While advice online can be contradictory, with some adopting a 'don't move till you want to' stance, Dr Keyvan recommends not dragging your feet or delaying the inevitable. "I would definitely suggest getting right to the unpacking and everything else you need to do to get back to routine," he says. "If you keep postponing everything, it'll take that much longer to forget about it."

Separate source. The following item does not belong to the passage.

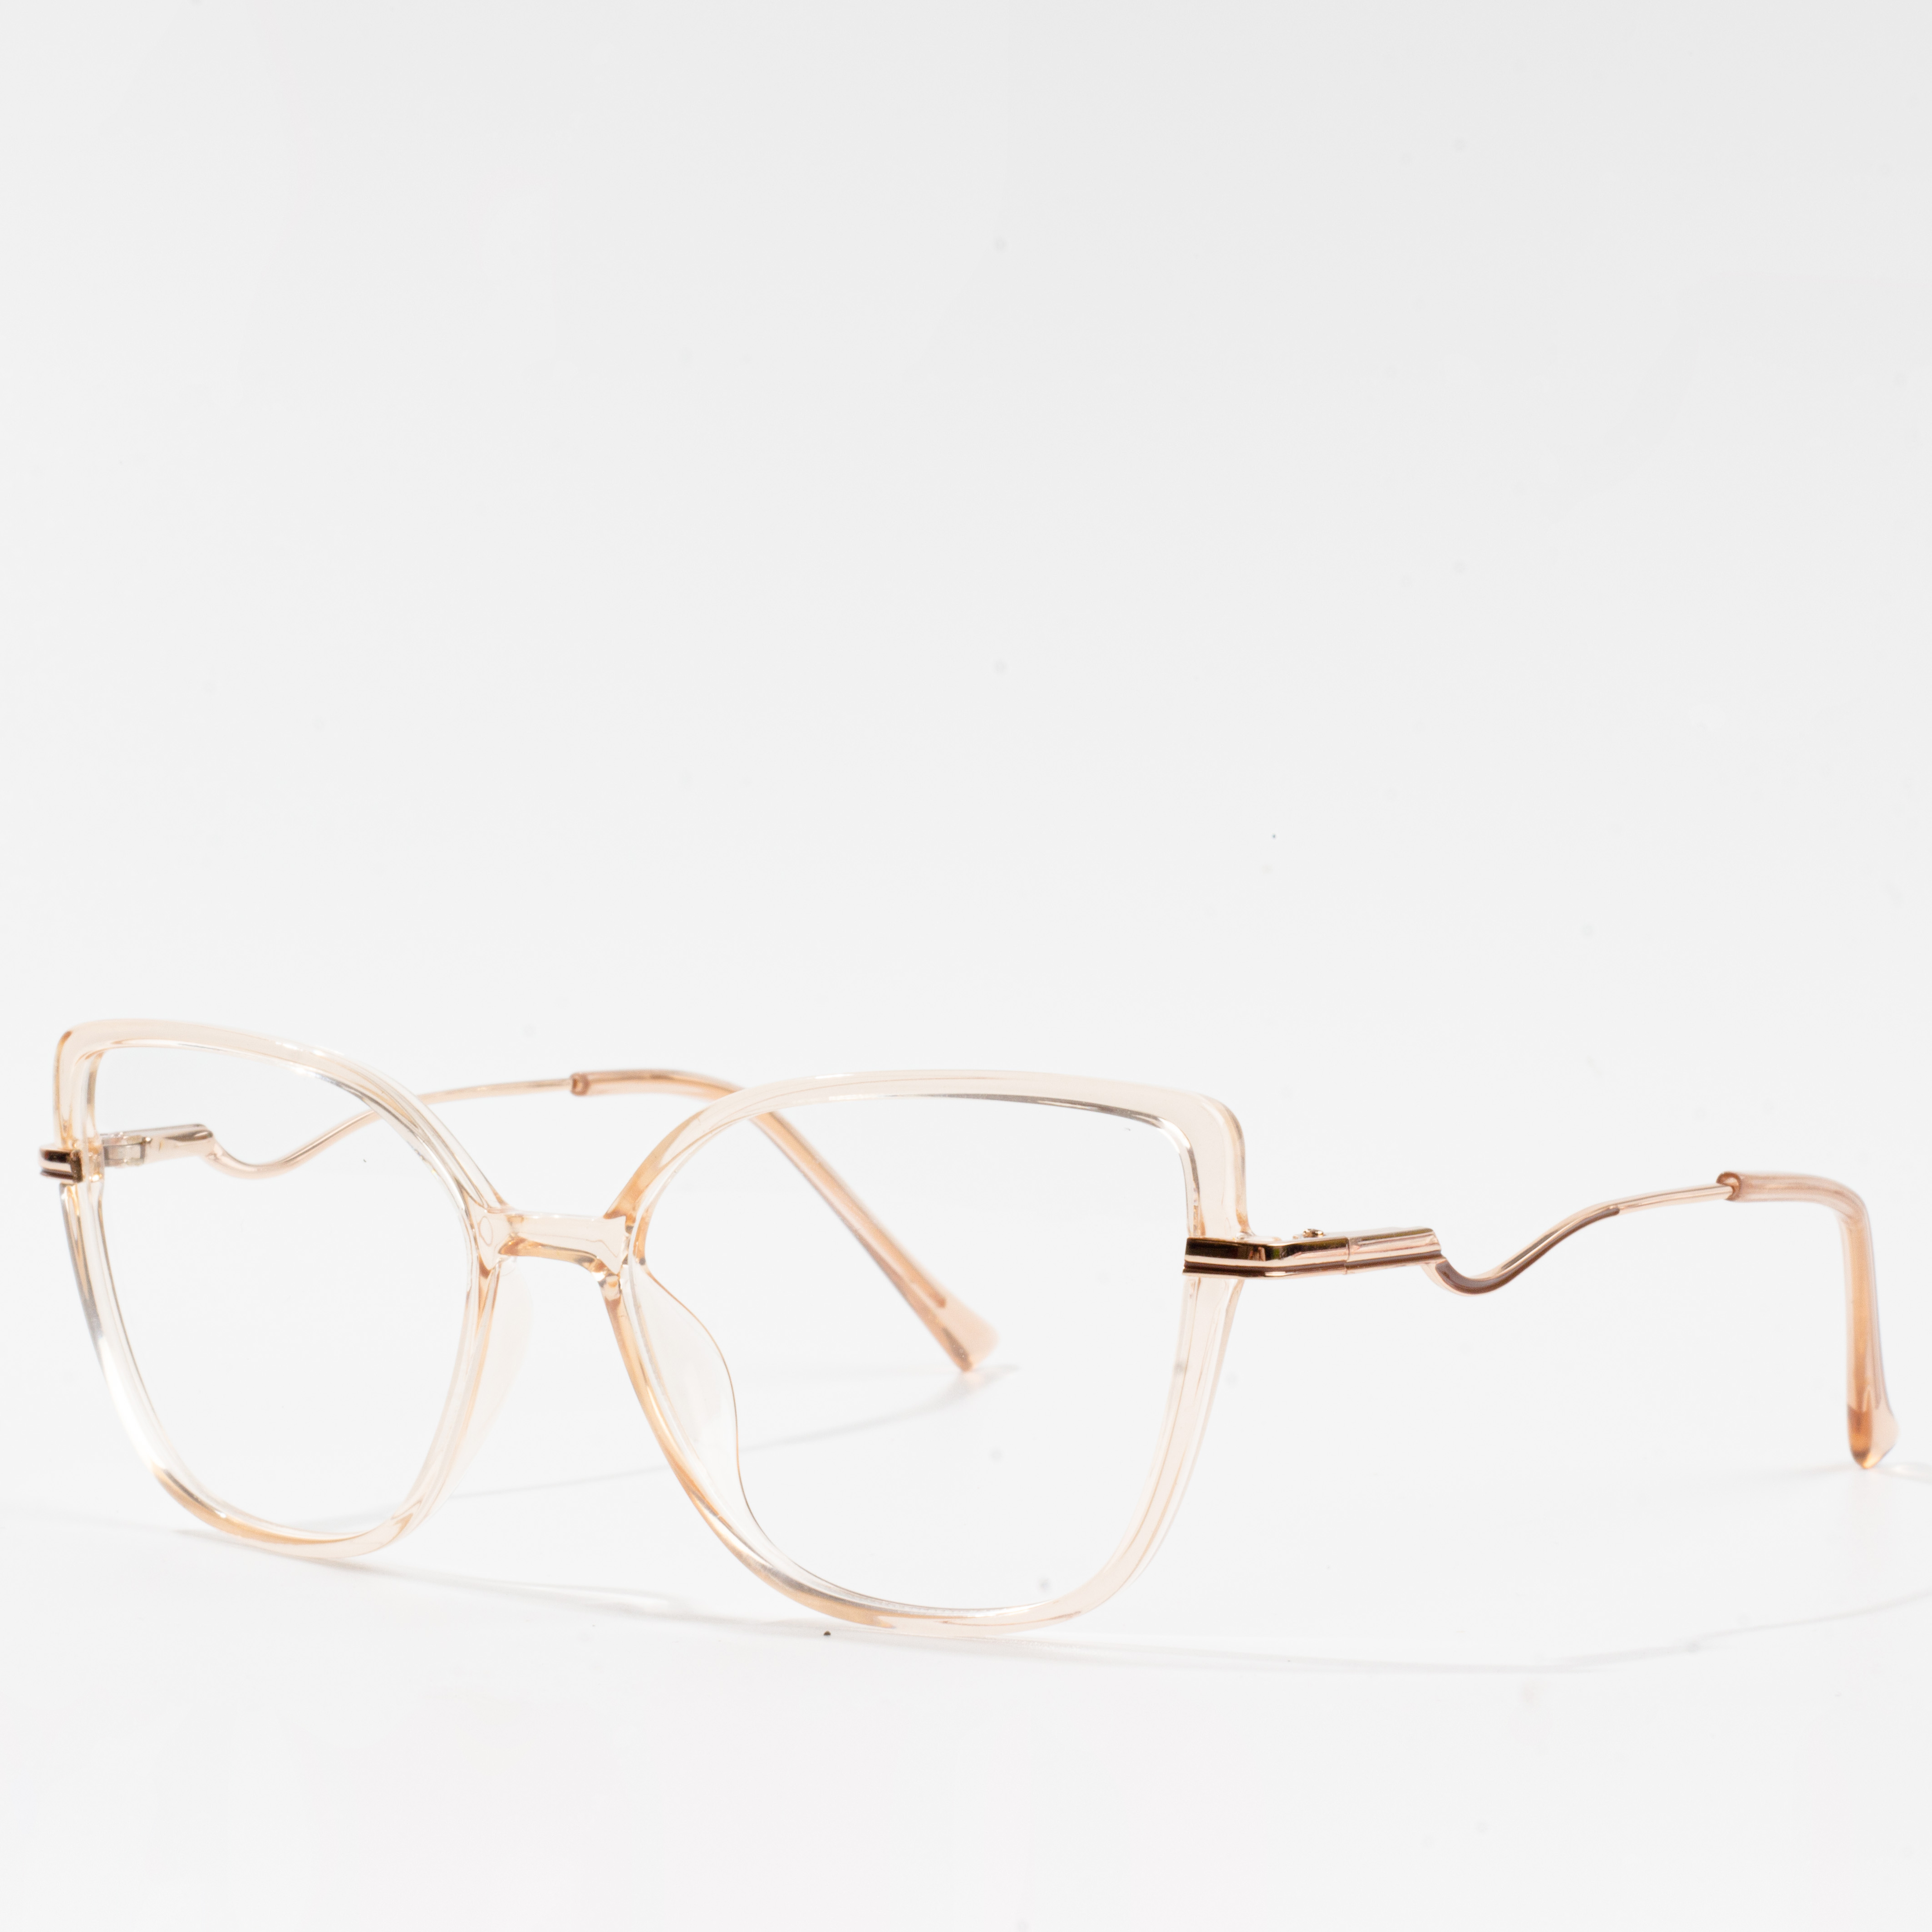 eyeglasses ffrâm cath
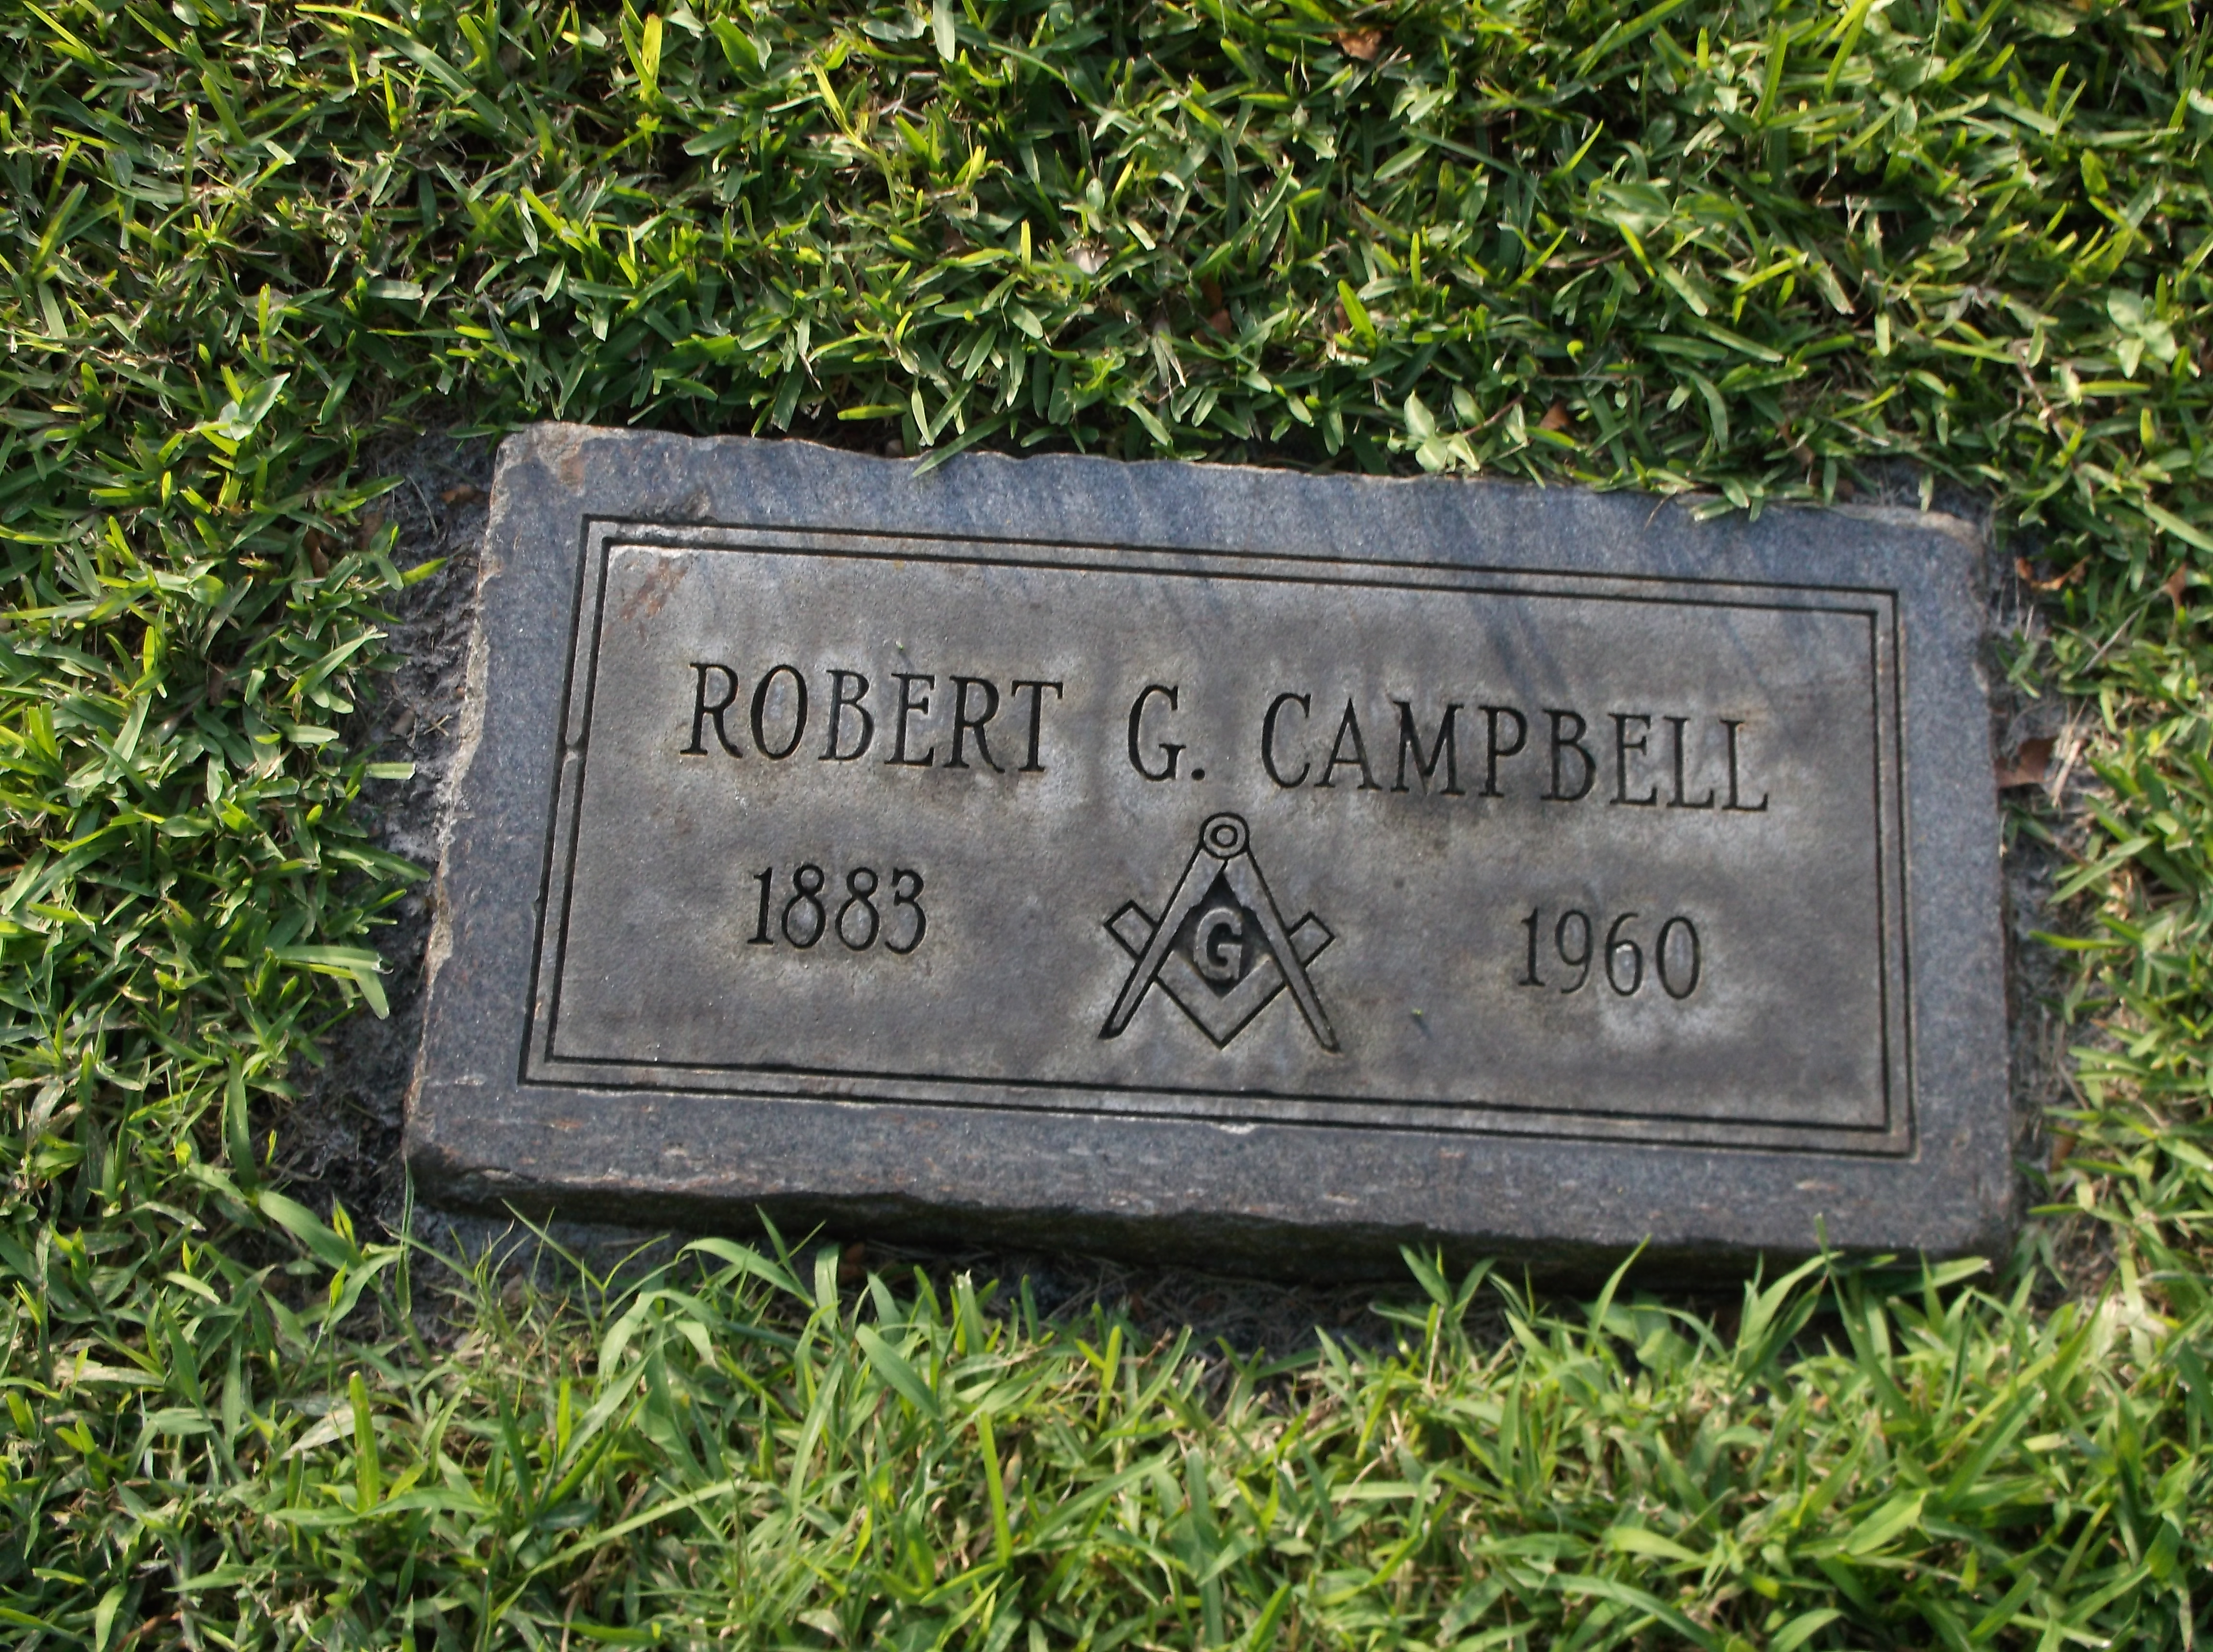 Robert G Campbell

Dr Sarah, meanwhile, makes a valid point. "We're really good at pursuing leisure activities, connecting with others and doing so many things we know to be important for mental health while on vacation. But when we get back to regular life, we stop doing those things that make us happy. So, for those not feeling pumped about being back, I'd suggest trying to integrate some of that stuff into everyday life: exercise, go out to dinner more; whatever brought you joy on vacation, try and integrate it into life once you're back too."

A deeper problem?
A holiday is supposed to relax and recharge us, so that we can bring our A-game when we get back to work. So, if mere thought of the workplace is triggering strongly negative reactions, Dr Sarah says that speaks to a much deeper problem. "If we're not feeling rested and approaching work with a lot of apprehension, it's important to have a conversation with ourselves about what's making us feel like that. It's one thing to not be looking forward to work, but if it's causing you a sense of dread, it says more about how comfortable or happy you are at your job than about being sad about the end of a vacation."